Is a random polynomial with restricted coefficients irreducible?

This post reports on some progress Gady Kozma and I have done recently on the problem of the irreducibility of random polynomials.
The main object of study is a random polynomial; i.e.,

f(X) = X^n + \zeta_{n-1} X^{n-1} + \cdots + \zeta_1 X+ \zeta_0,

where \zeta_0 ,\ldots \zeta_{n-1} are random variables. In general we assume that the \zeta_i are iid. Perhaps the most interesting example is when \zeta_i=\pm 1 with probabilities 1/2. Here is how the roots look like:


The roots of polynomials with plus-minus 1 coefficients as illustrated by Sam Derbyshire

There are four types of classical questions on these polynomials:

  1. How many real roots f has? Here there is a huge body of literature starting with the classical works of Bloch-Pòlya, Offord-Littlewood, Kac, and many many more. (On average there are about \frac{2}{\pi} \log n real roots, for \zeta_i with mean zero. See the introduction in here for a nice historical review.)
  2. How the complex roots distribute? We refer to the work of Odlyzko-Poonen and to here for the above and many more beautiful illustrations.
  3. The universality question: How the answers to the above questions depend on the actual distribution of the \zeta_i.

If the \zeta_i\in \mathbb{Z}, then a question of irreducibility over \mathbb{Q} arises.

4. Is f irreducible whp?

Here we should stress that the assumption \textrm{Prob}(\zeta_0=0)=0 is obviously necessary. One of the most exciting problems in this field is:

Conjecture (Odlyzko-Poonen): Let \zeta_i be iid random variables taking the values 0,1 with equal probabilities expect \zeta_0=1. Then

\textrm{Prob}(f \textrm{ irreducible}) = 1 +o(1).

This conjecture is open. In fact, I got familiarized with these type of questions by some guy on the street who asked about irreducibly whp in the \zeta_i = \pm 1 model.

The best lower bound is due to Konyagin:

Theorem 1 (Konyagin): In the setting of the conjecture,

\textrm{Prob}(f \textrm{ irreducible}) \gg 1/\log n.

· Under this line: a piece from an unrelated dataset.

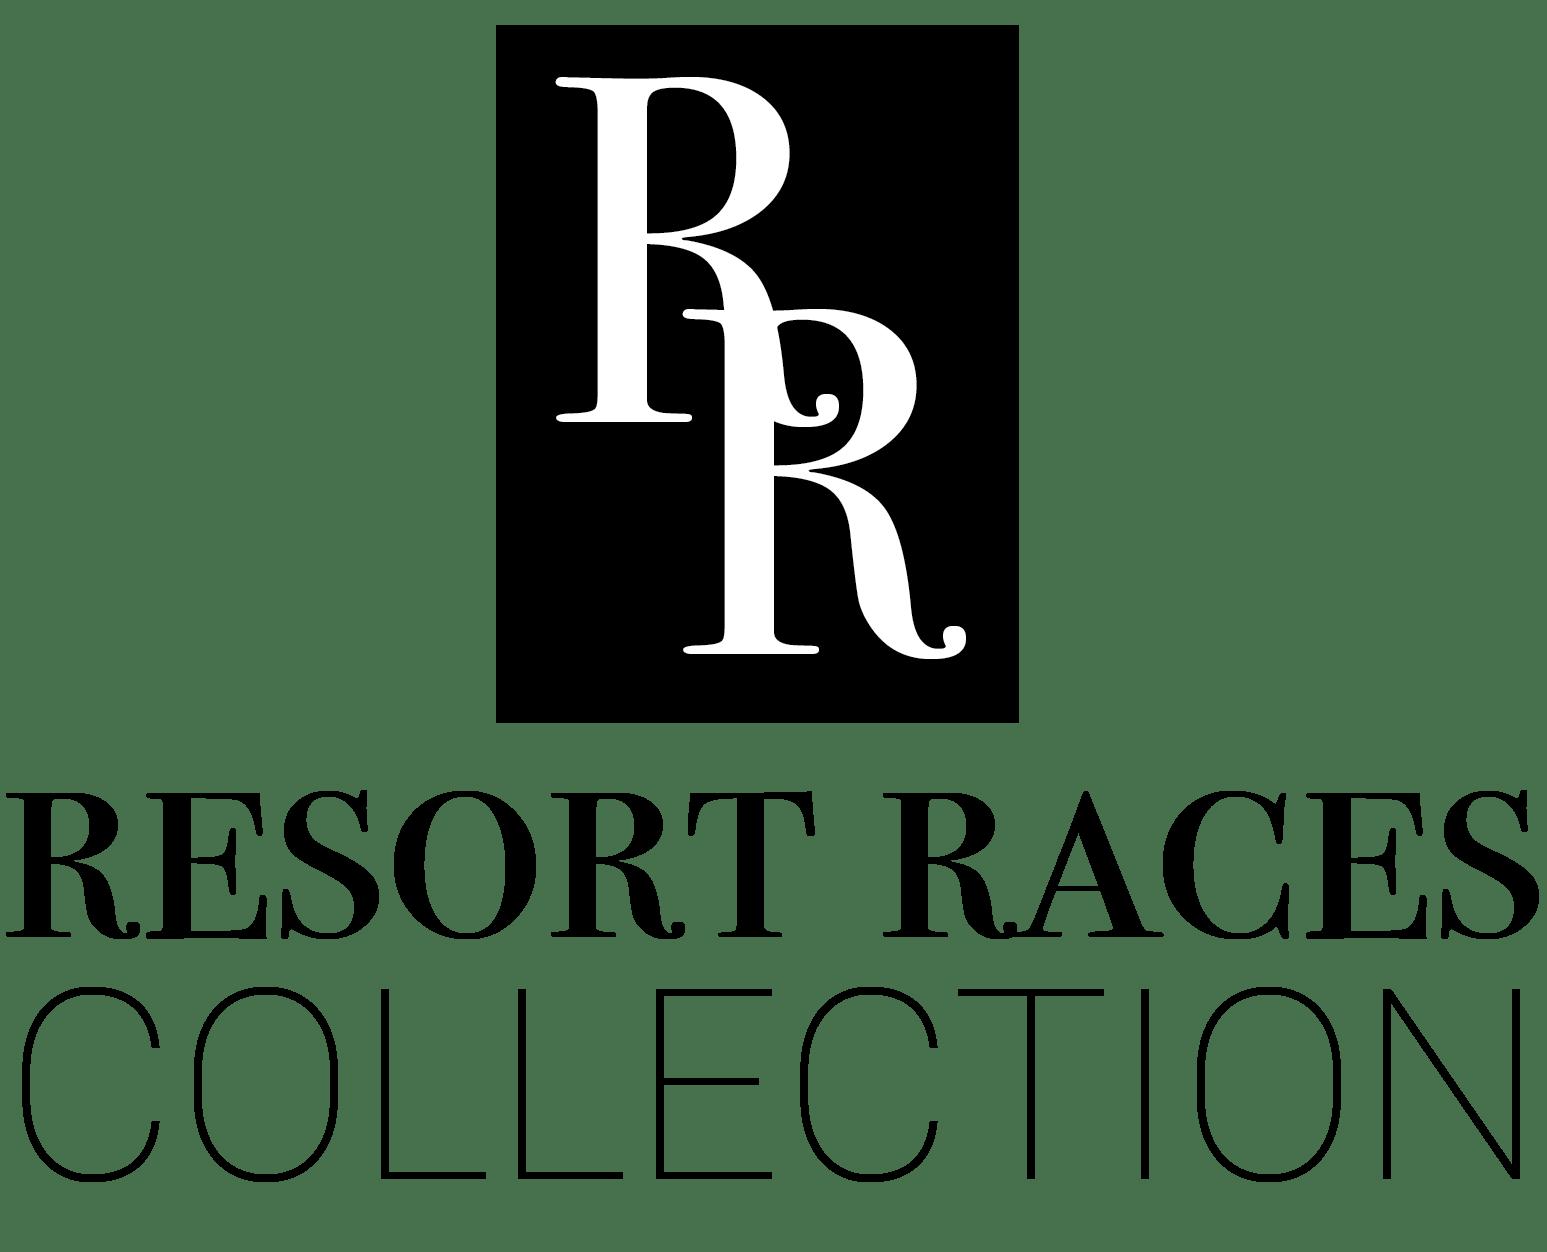 vineyard vines® Joins Resort Races Collection as Series

Here we use the notation f(n)\gg g(n) if there exists an absolute constant C>0such that f(n)\geq C g(n).

Even if one takes the easier problem when the coefficients are  allowed  to take values in a bigger fixed set, no result was known. Recently, Gady Kozma and I uploaded to the arXiv a paper, in which we prove a Odlyzko-Poonen type conjecture, for \zeta_i taking the values 1,\ldots, 210.

Theorem 2 (LBS-Kozma): Let H>0 be an integer divisible by at least 4 primes; the smallest being H=210. Assume that the \zeta_i-s are iid random variables taking values uniformly in \{1,\ldots, H\}. Then

\textrm{Prob}(f \textrm{ irreducible}) = 1+o(1)

(as n\to \infty).

In fact, we just need the coefficients to distribute uniformly modulo H and, of course, that \textrm{Prob}(\zeta_0=0)=0.

In fact, we show that f is very irreducible. For this we recall that for a polynomial with integer coefficients one attaches a Galois group: If \alpha_1, \ldots, \alpha_n are the complex roots of f (with multiplicity), and if N=\mathbb{Q}(\alpha_1,\ldots, \alpha_n) is the minimal subfield of \mathbb{C} containing the \alpha_i-s, then the Galois group is defined as the group of field automorphisms of N:

G_f = \textrm{Gal}(N/\mathbb{Q}) := \textrm{Aut}_{\mathbb{Q}}(N).

An element \sigma\in G_f is determined by its action on the \alpha_i since every element in N is a polynomial expression in the \alpha_i. So we have an embedding

G_f \to S_n

which is well defined up to reordering of the roots; i.e., up to conjugation in S_n. So from now on we consider G_f as a subgroup of S_n.

Galois theory connects arithmetic properties of f with group theoretical properties of G_f, and the most basic one is that

G_f is transitive  if and only if f is irreducible.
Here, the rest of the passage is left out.